See the following article for more on txtai.
txtchat is designed to and will support a number of messaging platforms. Currently, Rocket.Chat is the only supported platform given it’s ability to be installed in a local environment along with being MIT-licensed.
Examples
The following videos demonstrate how txtchat works. These videos run a series of queries with the Wikitalk persona. Wikitalk is a combination of a Wikipedia embeddings index and a LLM prompt to answer questions
Every answer shows an associated reference with where the data came from. Wikitalk will say “I don’t have data on that” when it doesn’t have an answer.
Additionally, there are examples using more lightweight personas to summarize and translate text.
History
Conversation with Wikitalk about history.
Sports
Talk about sports.
Culture
Arts and culture questions.
Science
Let’s quiz Wikitalk on science.
Summary
Not all workflows need a LLM. There are plenty of great small models available to perform a specific task. The summary persona simply reads the input URL and summarizes the text.
Mr. French
Like the summary persona, Mr. French is a simple persona that translates input text to French.
Connect your own data
The workflow definitions for the examples above can be found in the txtchat-personas model repository.
Want to connect txtchat to your own data? All that you need to do is create a txtai workflow. The following article covers a number of examples on creating different types of workflows.
Let’s run through an example of building a Hacker News indexing workflow and a txtchat persona.

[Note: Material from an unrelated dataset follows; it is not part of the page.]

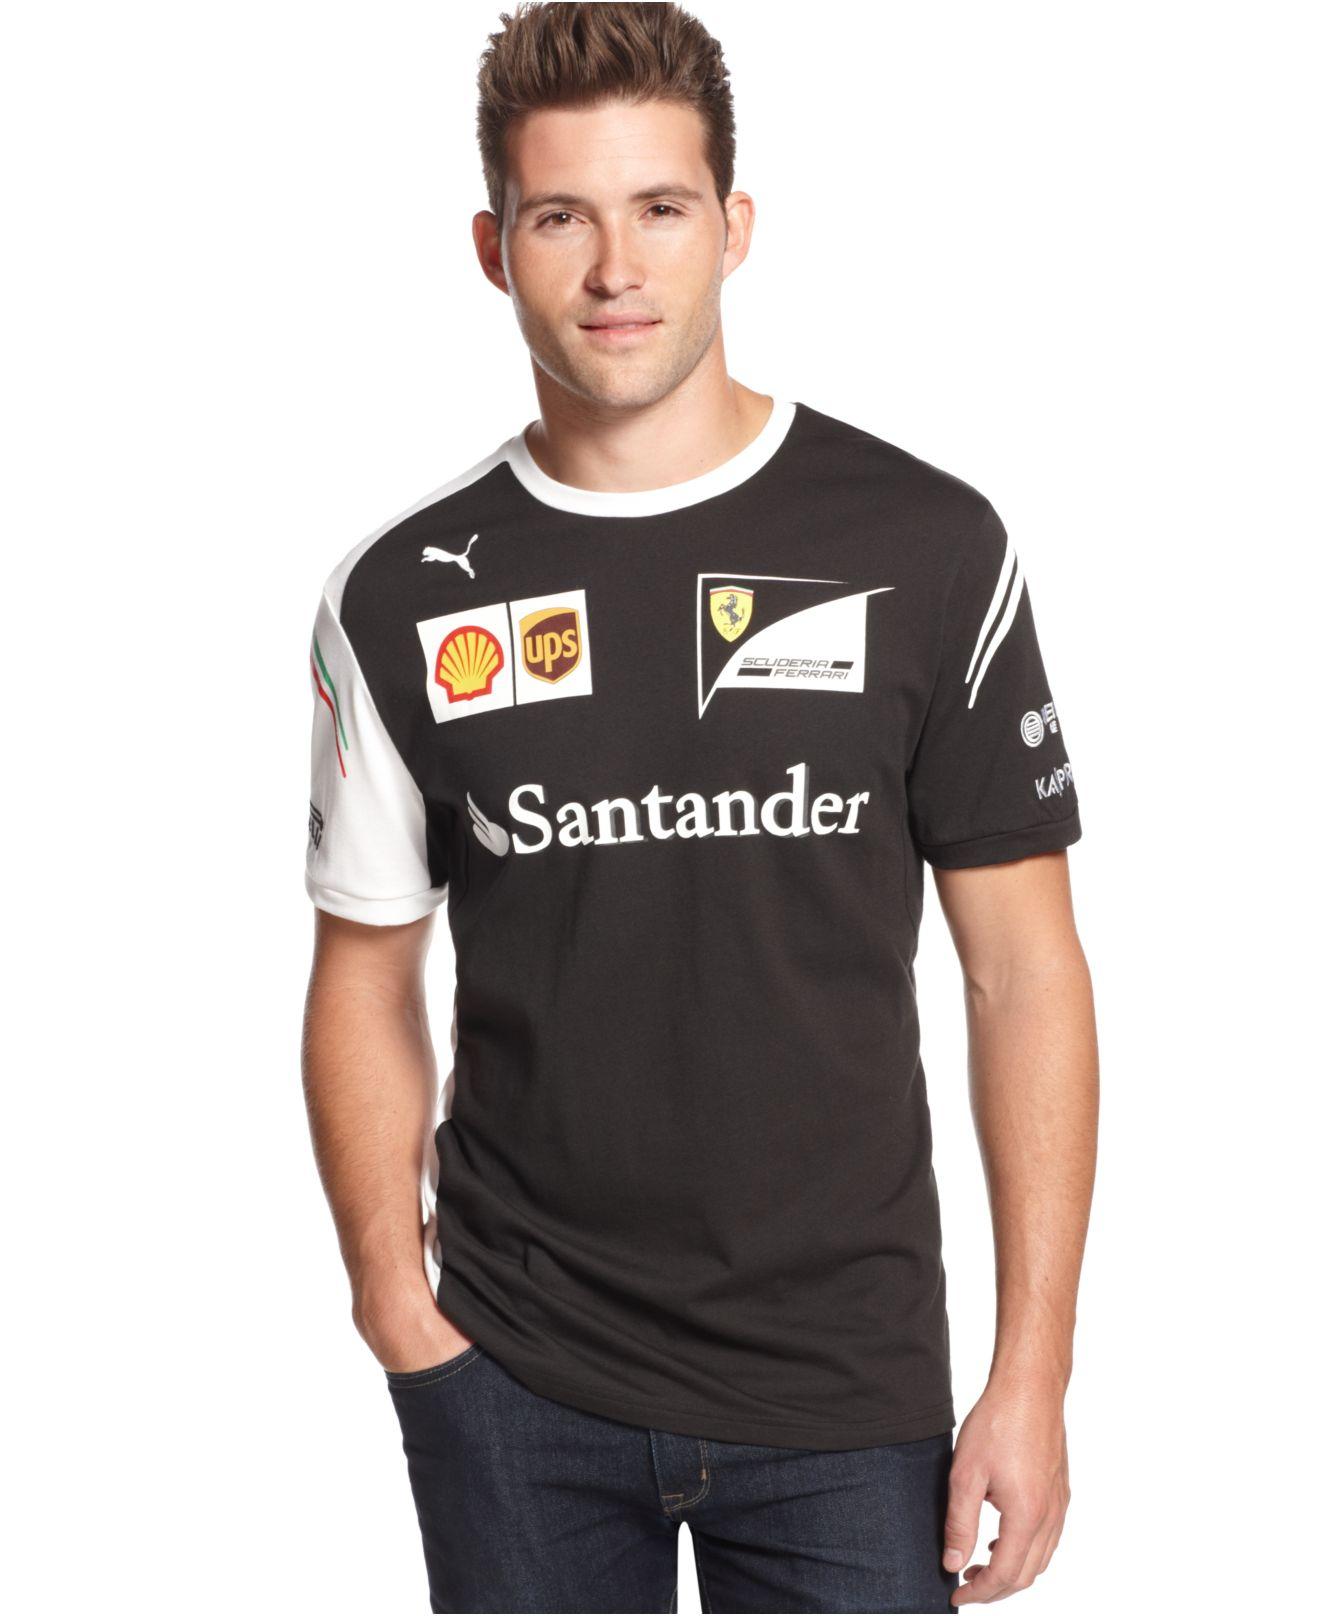 p ferrari logo smart shirt wear bridgestone t red team racing

First, we’ll define the indexing workflow and build the index. This is done with a workflow for convenience. Alternatively it could be a Python program that builds an embeddings index from your dataset. There are over 50 example notebooks covering a wide range of ways to get data into txtai.
path: /tmp/hn
embeddings:
path: sentence-transformers/all-MiniLM-L6-v2
content: true
tabular:
idcolumn: url
textcolumns:
- title
workflow:
index:
tasks:
- batch: false
extract:
- hits
method: get
params:
tags: null
task: service
url: https://hn.algolia.com/api/v1/search?hitsPerPage=50
- action: tabular
- action: index
writable: true
This workflow parses the Hacker News front page feed and builds an embeddings index at the path /tmp/hn
.
Run the workflow with the following.
from txtai.app import Application
app = Application("index.yml")
list(app.workflow("index", ["front_page"]))
Now we’ll define the chat workflow and run it as an agent.
path: /tmp/hn
writable: false
extractor:
path: google/flan-t5-xl
output: flatten
workflow:
search:
tasks:
- task: txtchat.prompt.Question
action: extractor
python -m txtchat.agent query.yml
Let’s talk to Hacker News!
As you can see, Hacker News is a highly opinionated data source!
Getting answers is nice but being able to have answers with where they came from is nicer. Let’s build a workflow that adds a reference link to each answer.
path: /tmp/hn
writable: false
extractor:
path: google/flan-t5-xl
output: reference
workflow:
search:
tasks:
- task: txtchat.task.Question
action: extractor
- task: txtchat.task.Answer
txtchat is a rapidly developing project, check out the GitHub project page for the latest examples.
Wrapping up
This article introduced how txtchat builds retrieval augmented generation (RAG) and language model powered search applications. A number of examples were covered for standard personas provided out of the box.
The system is flexible in that new txtai workflows can easily be plugged in to form personas for custom datasets. Go ahead and talk with your data. Now is the time to take the next step in the evolution of search.
We’re excited to see what can be built with txtchat!